Viking Analytics provides self-service analytics software, MultiViz for the heavy industrial companies. We put the power of the data into the hands of the people who understand what it means: the subject-matter experts. MultiViz enables experts like condition-monitoring experts, reliability experts and process experts to rapidly visualize sensor data from assets and processes. It enables the experts to prepare, analyze and process sensor data without being a data scientist. Specifically, MultiViz enables the following.

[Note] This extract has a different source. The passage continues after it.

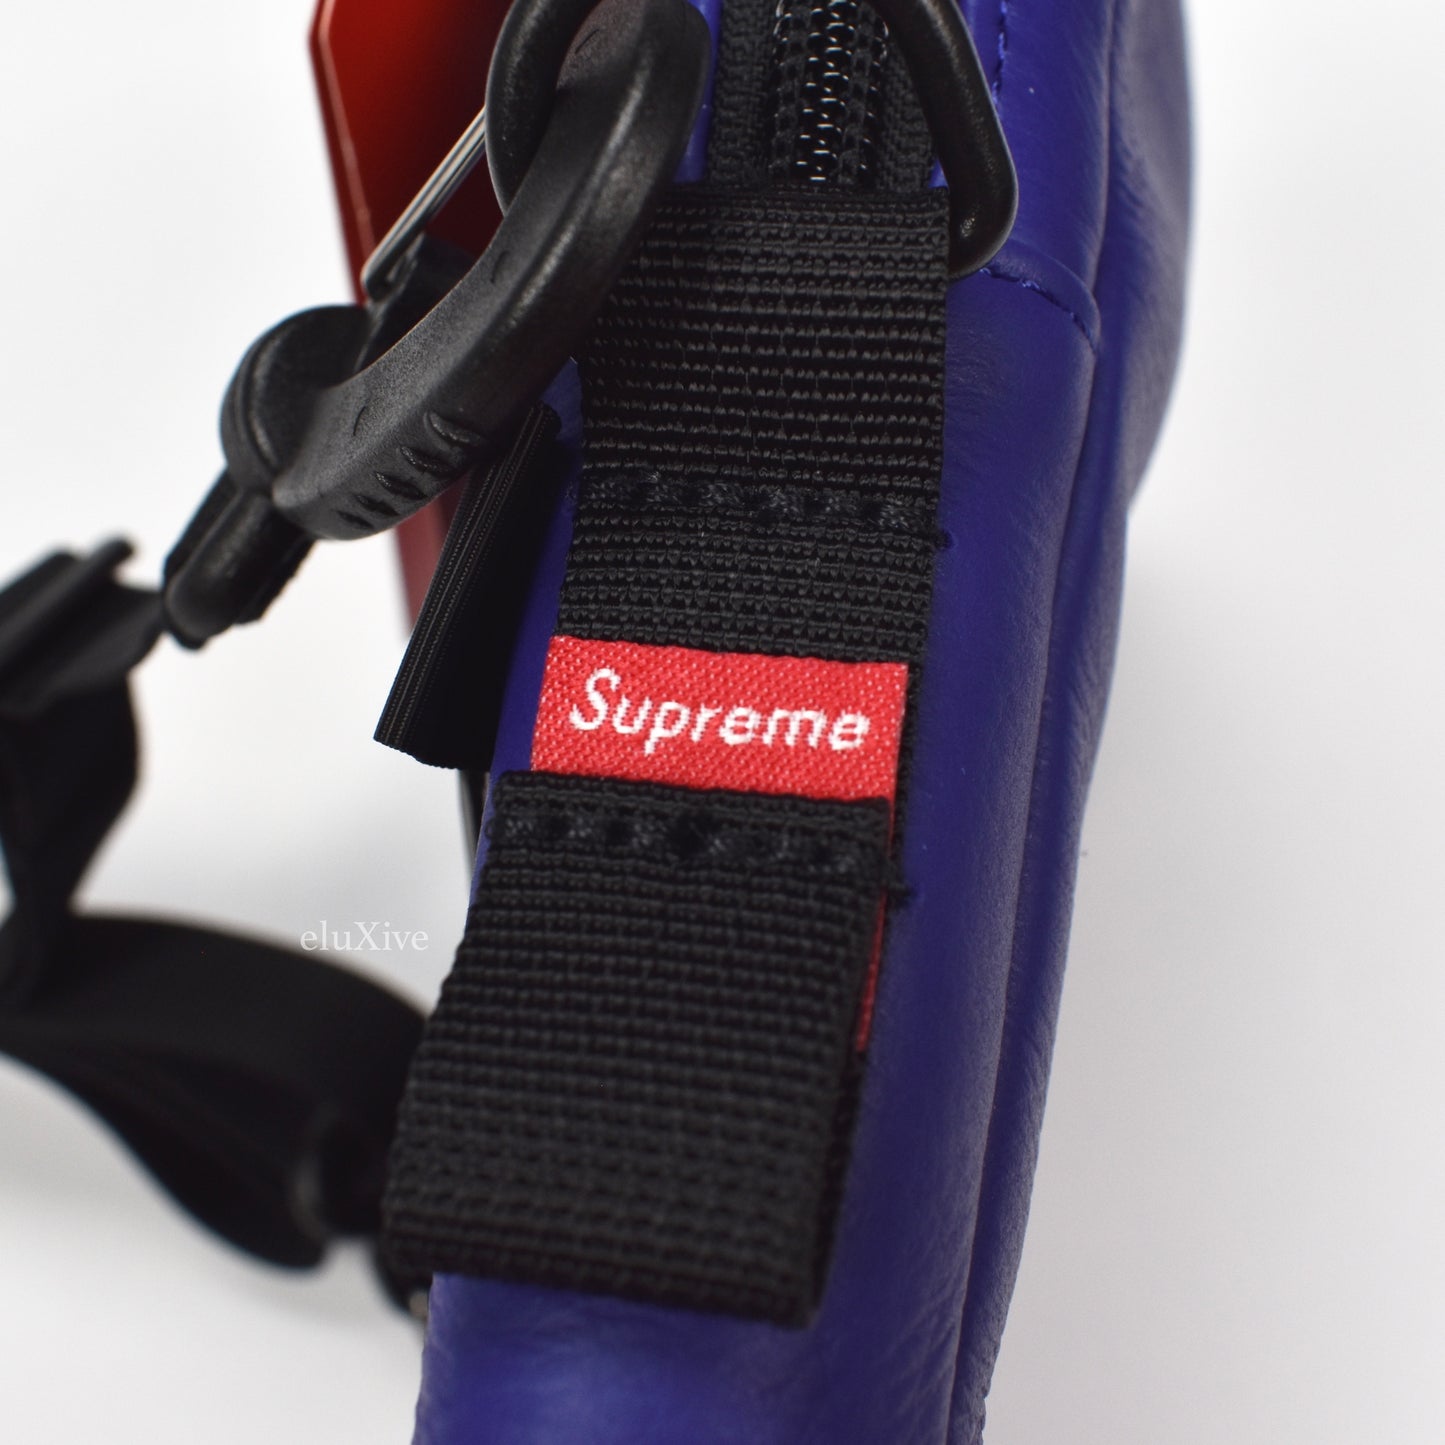 Supreme x The North Face - Blue Leather Shoulder Bag

- Experts can now explore large sensor data quickly and troubleshoot issues in assets and processes
- Experts can now monitor and contextualize process and asset data
- Experts can detect anomalies and irregularities in processes’ and assets’ performance
- Experts can identify operational/failure modes and detect abnormal mode changes
- Experts can rapidly annotate data for building ML models
- Experts can rapidly operationalize their insights as real-time applications
MultiViz helps the experts to contribute directly to overall plant and organizational profitability. It‘s human-centric design helps the organization to retain expert knowledge pertaining to critical issues and other irregularities. It enables seamless knowledge sharing and collaborative decision-making. In summary, MultiViz has been designed to help organizations to accelerate their digitalization efforts and alleviate risks in their implementation. Organizations can rely on data-driven methodologies for actionable insights and to deliver organization-wide value.